→ **Input**
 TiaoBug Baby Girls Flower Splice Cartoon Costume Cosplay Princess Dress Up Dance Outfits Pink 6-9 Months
...
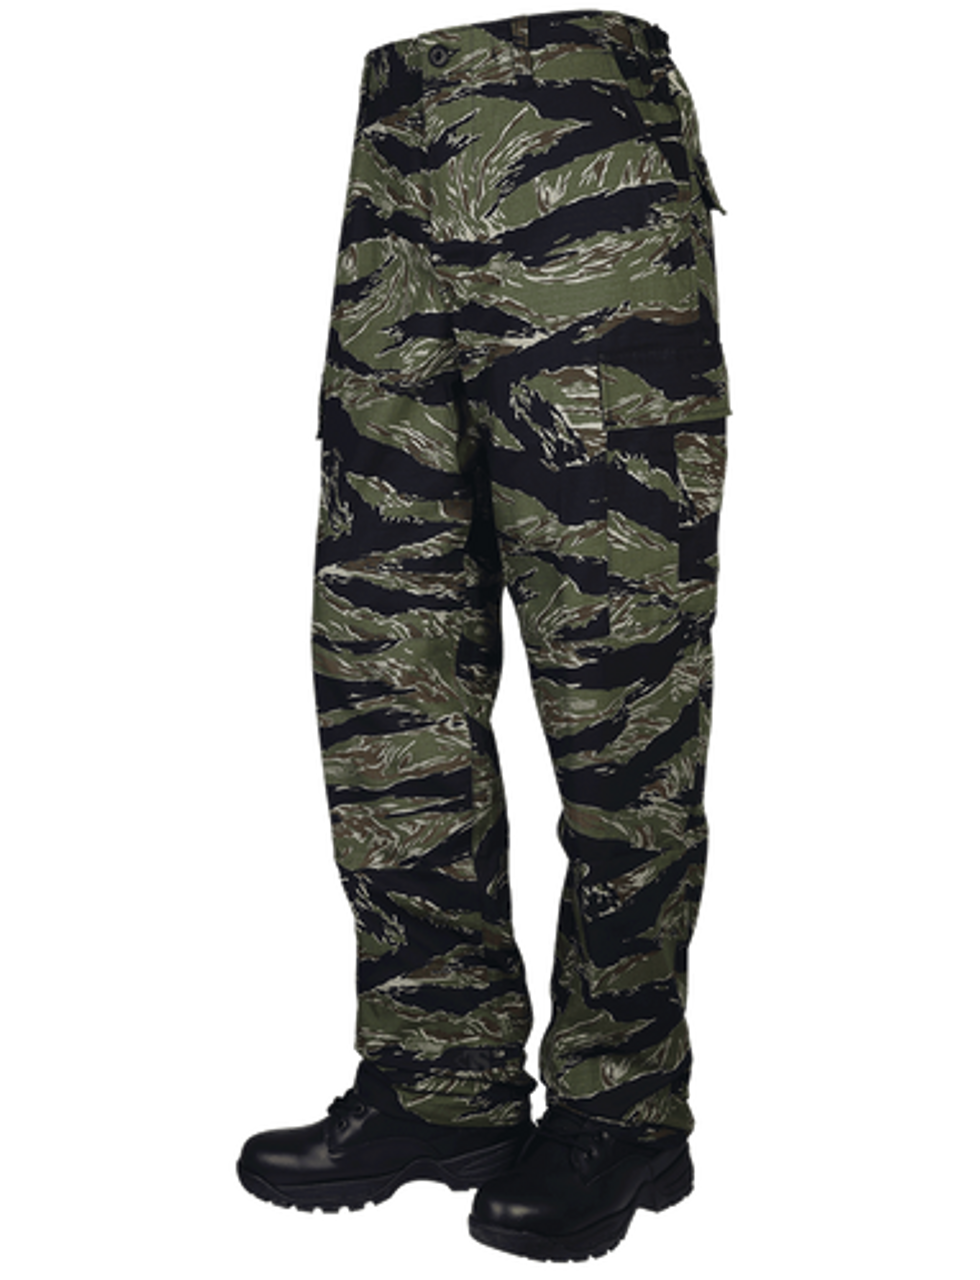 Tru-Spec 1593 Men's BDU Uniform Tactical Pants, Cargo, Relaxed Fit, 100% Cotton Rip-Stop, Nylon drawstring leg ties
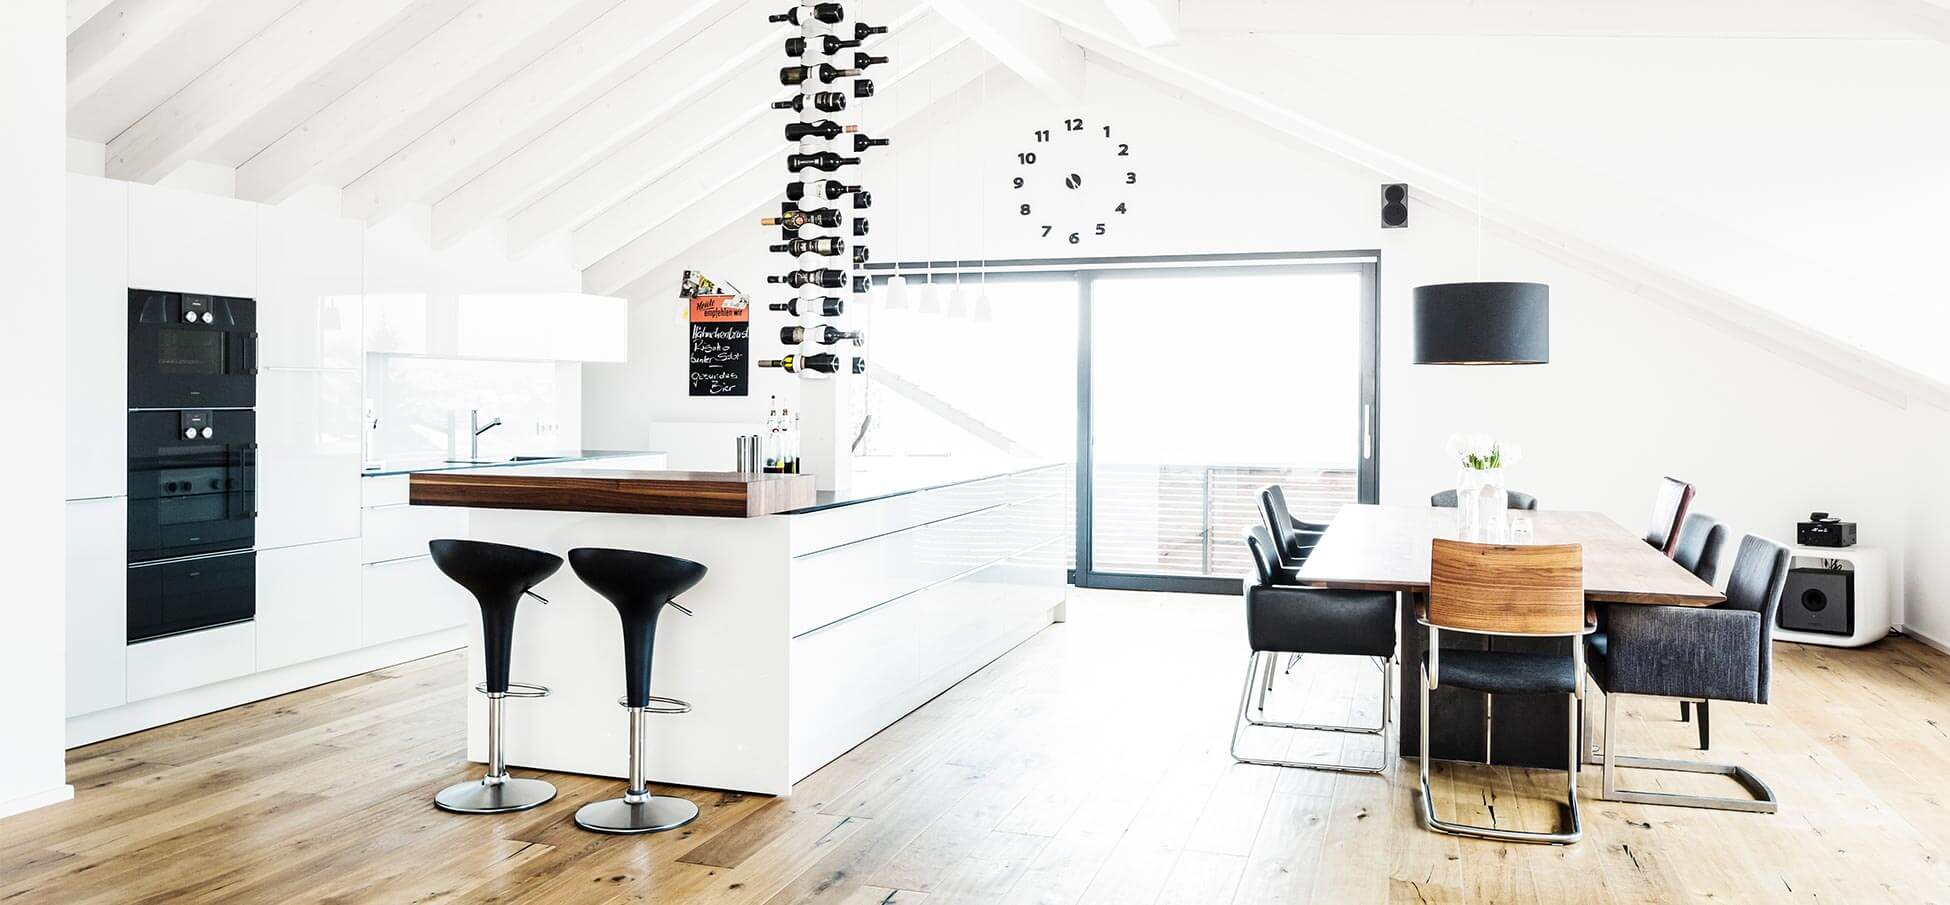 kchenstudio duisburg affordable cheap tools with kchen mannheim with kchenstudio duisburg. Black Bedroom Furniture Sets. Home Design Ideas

→ **Directions for this task**
With the pictures omitted, restate word for word the lines above from the line that has "Tru-Spec 1593 Men's" up to and including the line that has "kchenstudio duisburg affordable", and no other lines.

→ **Your response**
 Tru-Spec 1593 Men's BDU Uniform Tactical Pants, Cargo, Relaxed Fit, 100% Cotton Rip-Stop, Nylon drawstring leg ties
 kchenstudio duisburg affordable cheap tools with kchen mannheim with kchenstudio duisburg. Black Bedroom Furniture Sets. Home Design Ideas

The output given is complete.